Second second, "inflate" the economy is vague. ("Inflation" is vague, which is part of the problem with this discussion. ;)) Doesn't who benefits depend upon how we inflate the economy? If we give money to bankers, that's one thing, if we give it to paupers, that's another, no?

Are you arguing that the Bank of England should tighten monetary policy (reduce the money supply/raise interest rates) to create deflation in order to increase real wages, AD, output and employment?

I'm arguing that having it create inflation in order to fight the recession (or the lesser depression...) is not a sufficient condition of recovery, although it's probably a necessary one. That the distributional impact of the inflation, if wage-bargaining is really weak, could be enough to outweigh the shift in the AD curve (or shift it back).

I'm not sure if I'd call it a shift or a skew in the curve, but essentially what's happening is that additional nominal income is going preferentially to actors with a higher propensity to save, so the elasticity of Y with respect to P is changing.

Alex: Let's break this into two parts:

1. Suppose I built a model in which wages are determined by the relative bargaining power of workers and firms. Lots of economists build models like that. But, unless I put something else into the model, that still gives me a model in which real wages are independent of monetary policy and inflation. Workers and firms care about real wages, not money wages, so relative bargaining power determined equilibrium real wages, not money wages. Real wages in that model will (usually) be lower if workers' bargaining power is weak, but real wages won't be affected by monetary policy. You need *sticky* wages (or sticky prices, or money illusion, or something) to get real wages depending on monetary policy. Weak bargaining power alone won't do it.

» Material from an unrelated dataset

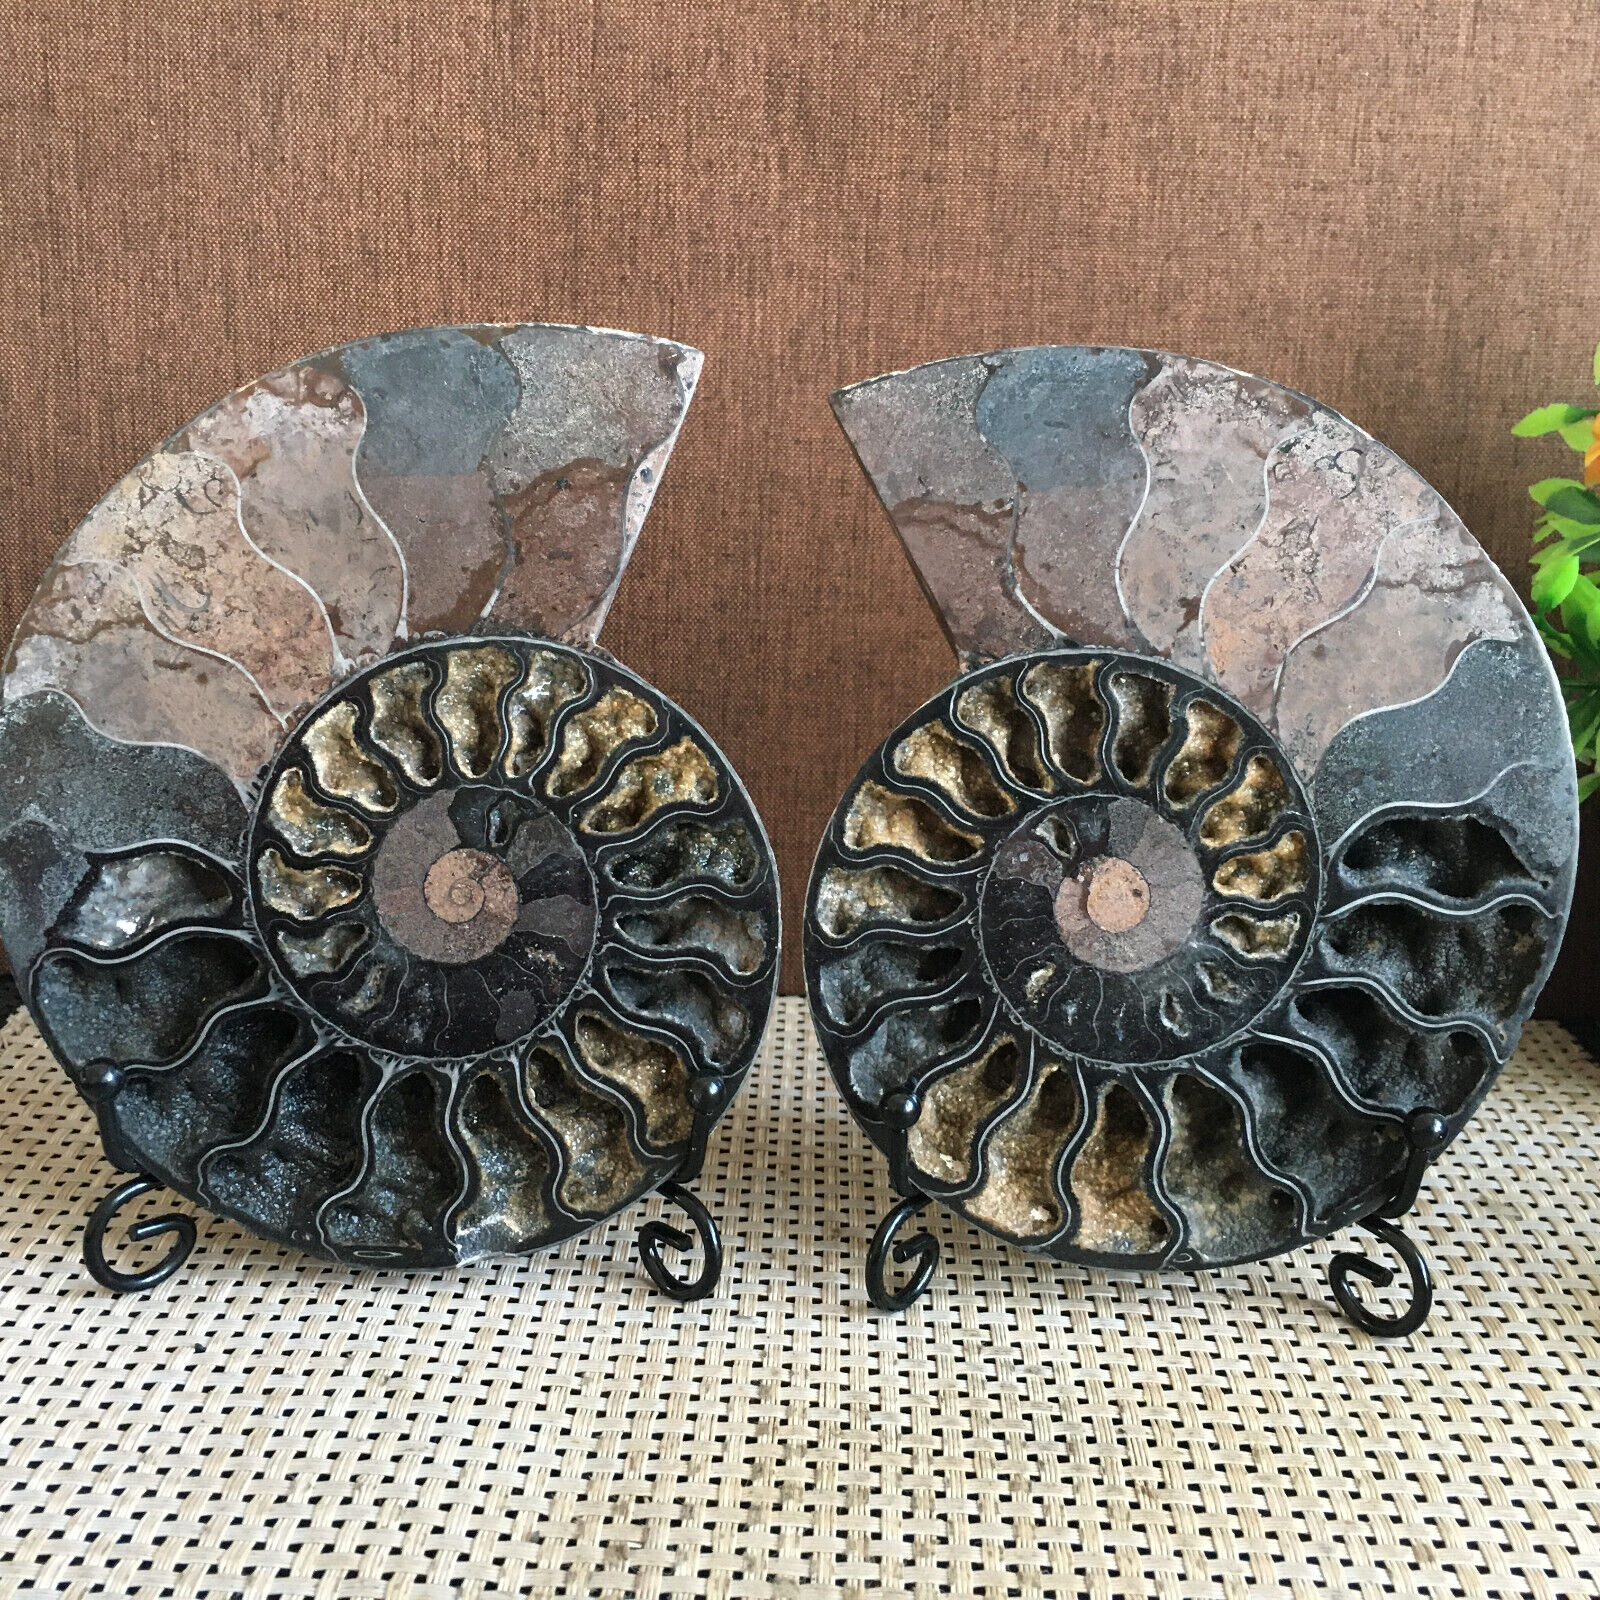 526g 1 pair of Split Black conch Ammonite fossil Specimen Healing Madagascar B11

2. Forget bargaining power, because it doesn't give you the sticky money wages you need to make your argument work. Let's just assume that money wages are sticky, for some unknown reason. And let's take a standard Keynesian (ISLM) theory of the AD curve, but modify it by assuming that the marginal propensity to consume out of wage income is greater than the mpc out of non-wage income. That modification will tend to make the AD curve flatter. (The reason is that a rise in P, for given W, and given Y, changes the distribution of income away from workers and so reduces consumption demand, and hence reduces aggregate demand). But in that model your conclusions still do not follow from your assumptions. A looser monetary policy will shift the AD curve right, and it will increase output, the price level, real income, employment, and increase real wage income, even though it reduces real wages *per hour* (W/P). To get your intuition straight on this you need to carefully distinguish between real wages per hour, and real wage income (=(W/P) times employment). Consumption (in your model) depends on real wage income, rather than real wages.

i (not an economist) always thought that the reason "inflation" (as in an expectably nominally larger economy over time) is good is to avoid artificial rigidities that occur around sticky prices. menu costs go up, and that's annoying, but that's the downside.

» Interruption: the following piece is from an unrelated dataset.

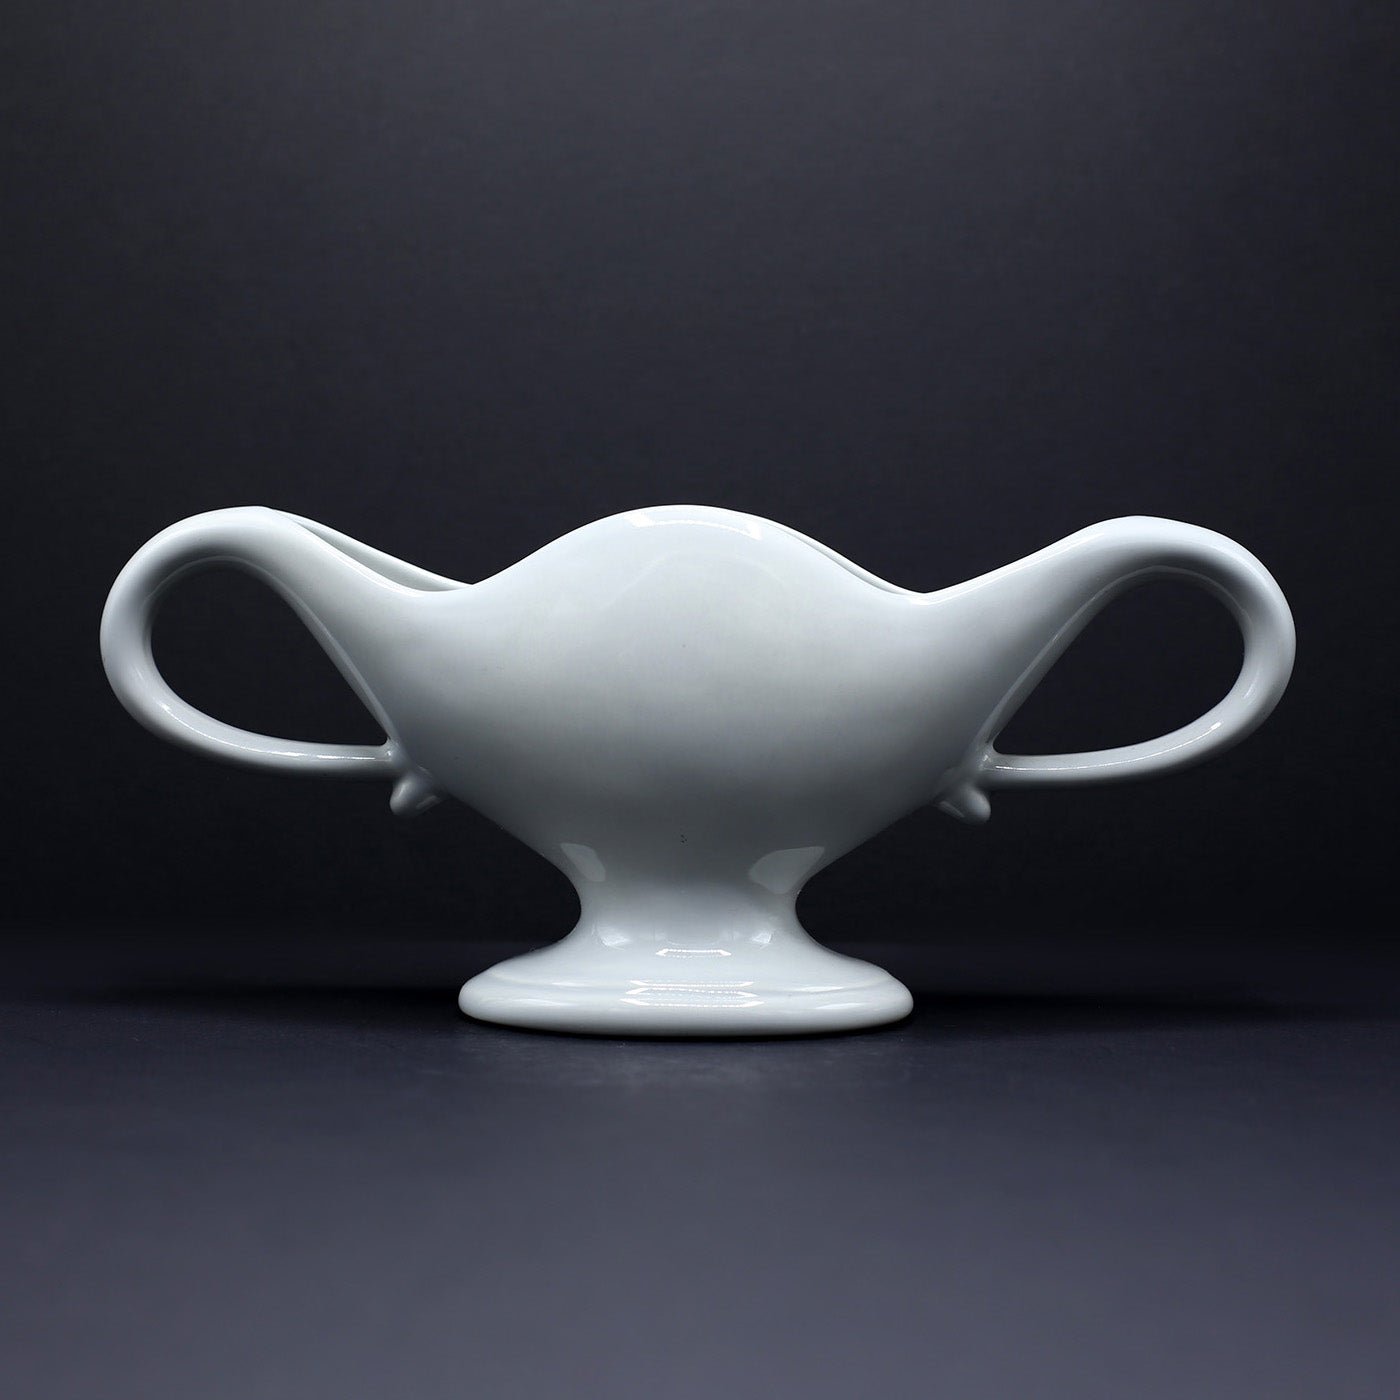 A Collectable Fulham Pottery Mantel Vase - FLORA BLACK

A further thought, Alex. Macro is hard. I like to think I'm quite good at converting verbal reasoning into graphs and vice versa and seeing if it really makes sense. But when I did the first draft of my comment above, I screwed it up.(I had your mpc assumption making the AD curve steeper, rather than flatter.) Fortunately I realised this just before I posted it, and fixed my mistake.

We are talking about a simultaneous system where everything depends on everything else. And words sometimes just don't do the job.

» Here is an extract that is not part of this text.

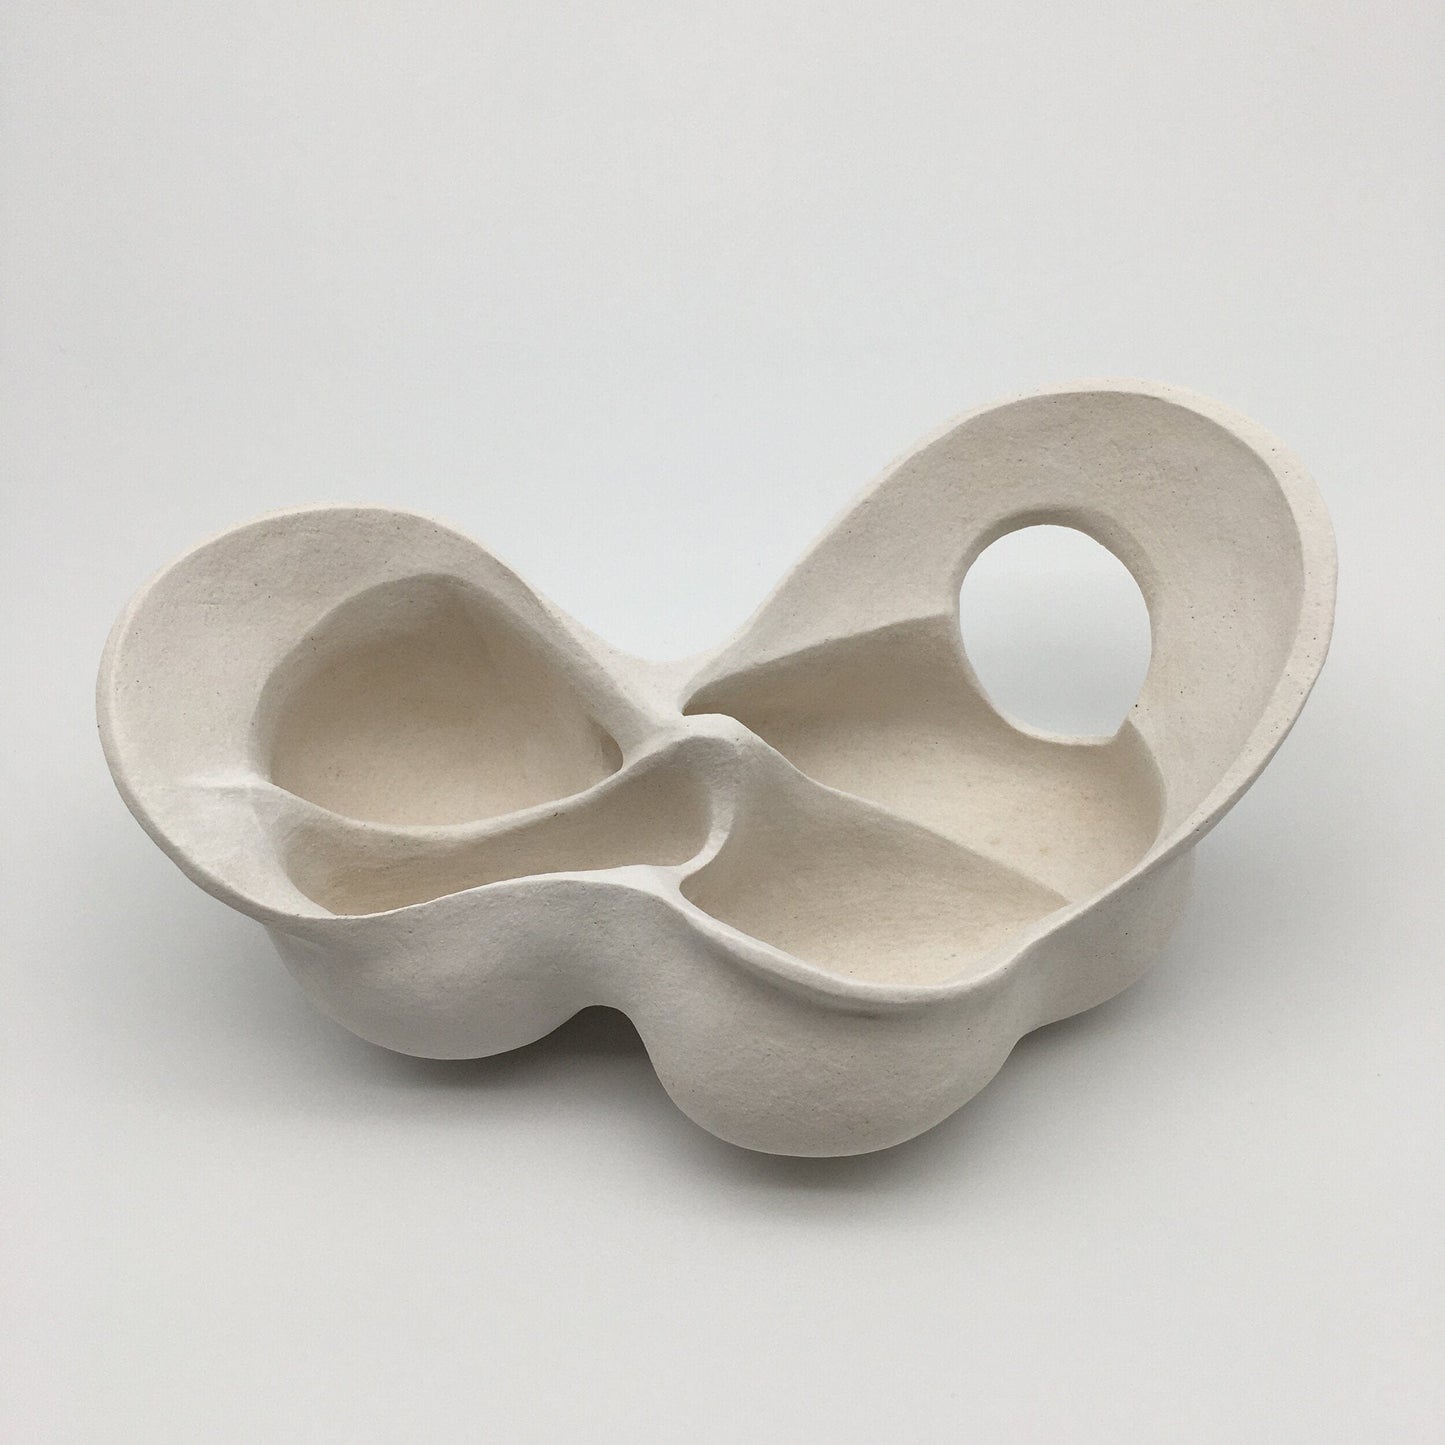 Unglazed Clay Skeletal Bowl Sculpture by Evamarie Pappas-Oglander

Now, if I played around with your model, I could even make the AD curve very flat, and flatter than the SRAS curve. Which would give really weird results, because (I think) you would actually have to tighten monetary policy (reduce the money supply) to increase output and employment in that model. And that model would actually make your verbal reasoning correct. Except, that model has an unstable equilibrium, so none of those weird results make any sense at all. Because we wouldn't get to the new equilibrium.